The classical Weyl law for $\Gamma = \mathrm{SL}_2(\mathbb{Z})$ counts the number of Maass cusp forms on $\Gamma \backslash \mathbb{H}$ with Laplace eigenvalue less than $T$. This is originally due to Selberg via the Selberg trace formula, and I believe the proof extends to any congruence subgroup $\Gamma$ of $\mathrm{SL}_2(\mathbb{Z})$.

What about Maass cusp forms with character? That is, let $N$ be a positive integer, $\chi$ a nontrivial Dirichlet character modulo $N$, and suppose that $\phi(\gamma z) = \chi(d) \phi(z)$ for all $\gamma = \begin{pmatrix} a & b \\ c & d \end{pmatrix} \in \Gamma_0(N)$. Does there exist a Weyl law for such Maass forms $\phi$ in the literature? Moreover, is there such a Weyl law with error term uniform in $N$ and $T$? I am sure at the very least that my first question is known, as the Selberg trace formula can be written down explicitly in this setting, but I can't seem to find a reference.

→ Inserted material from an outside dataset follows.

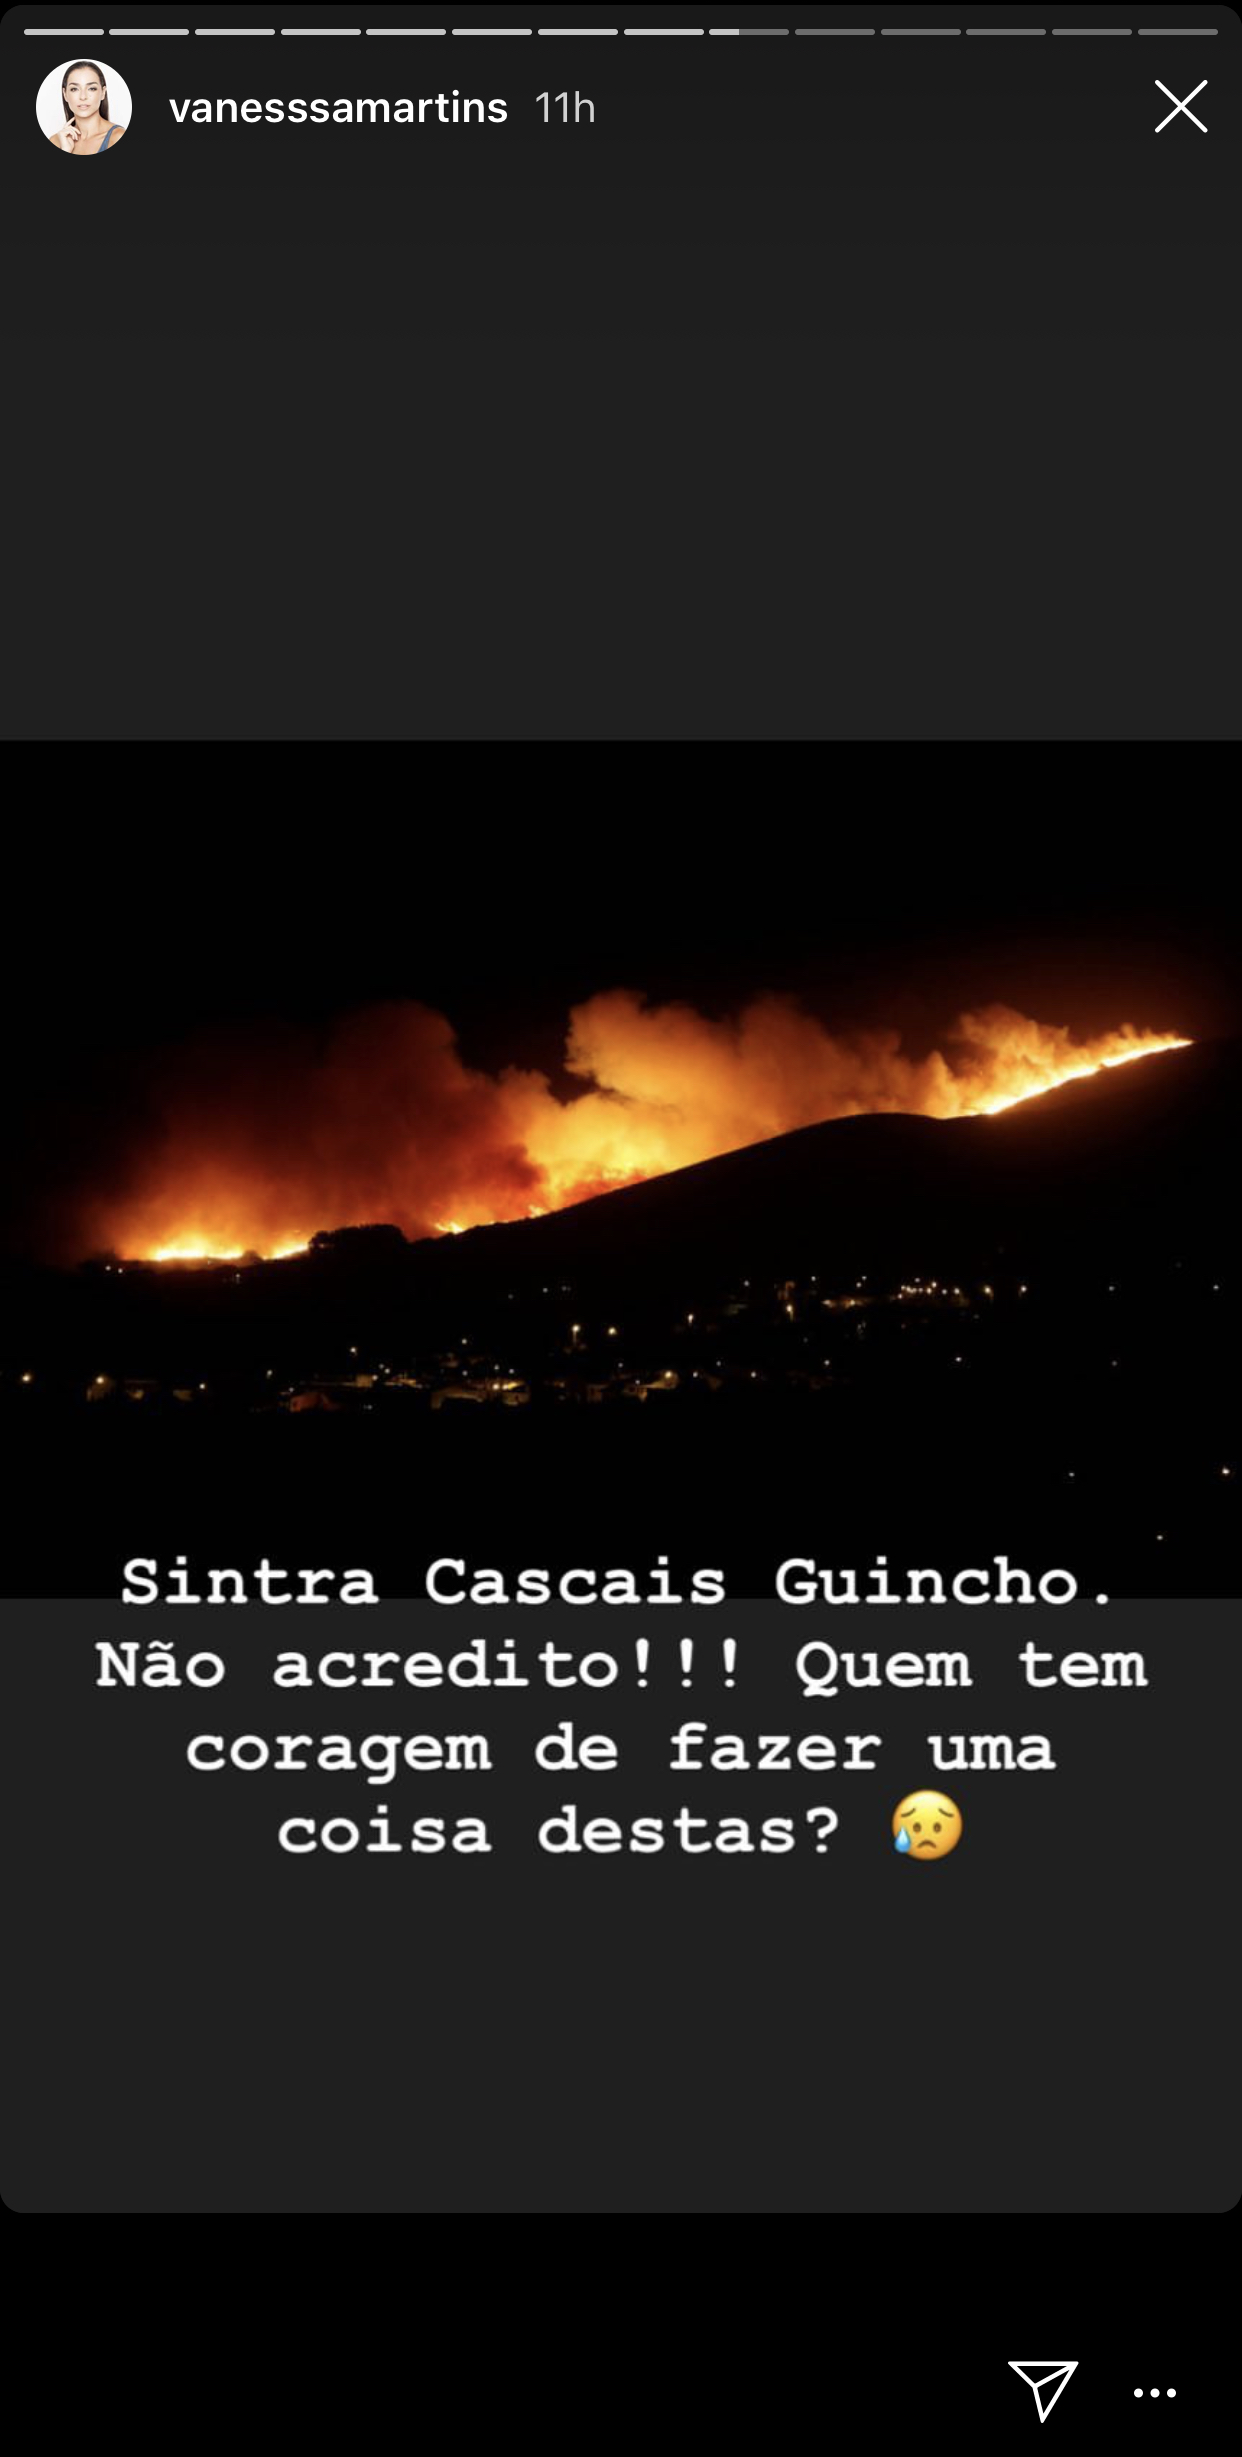 Vanessa Martins Incendio Sintra 1 Incêndio De Sintra. Teresa Guilherme Obrigada A Deixar A Sua Casa

If we instead consider holomorphic cusp forms of weight $k \geq 2$, then the analogous question is determining dimension formulae for $\mathcal{S}_k(N,\chi)$, and these were discovered by Cohen and Osterle. Allegedly their proof uses the Eichler-Selberg formula, but it never appeared in print, and a proof was only published a couple of years ago by Jordi Quer using somewhat different methods. In the resulting formula, one finds that the main contribution as $k \to \infty$ doesn't depend on $\chi$, but the lower order terms do. For Maass forms, I'm not sure if one would be able to see this, as the associated lower order terms might be too small to distinguish from the existing error term for the Weyl law coming from the continuous spectrum, say.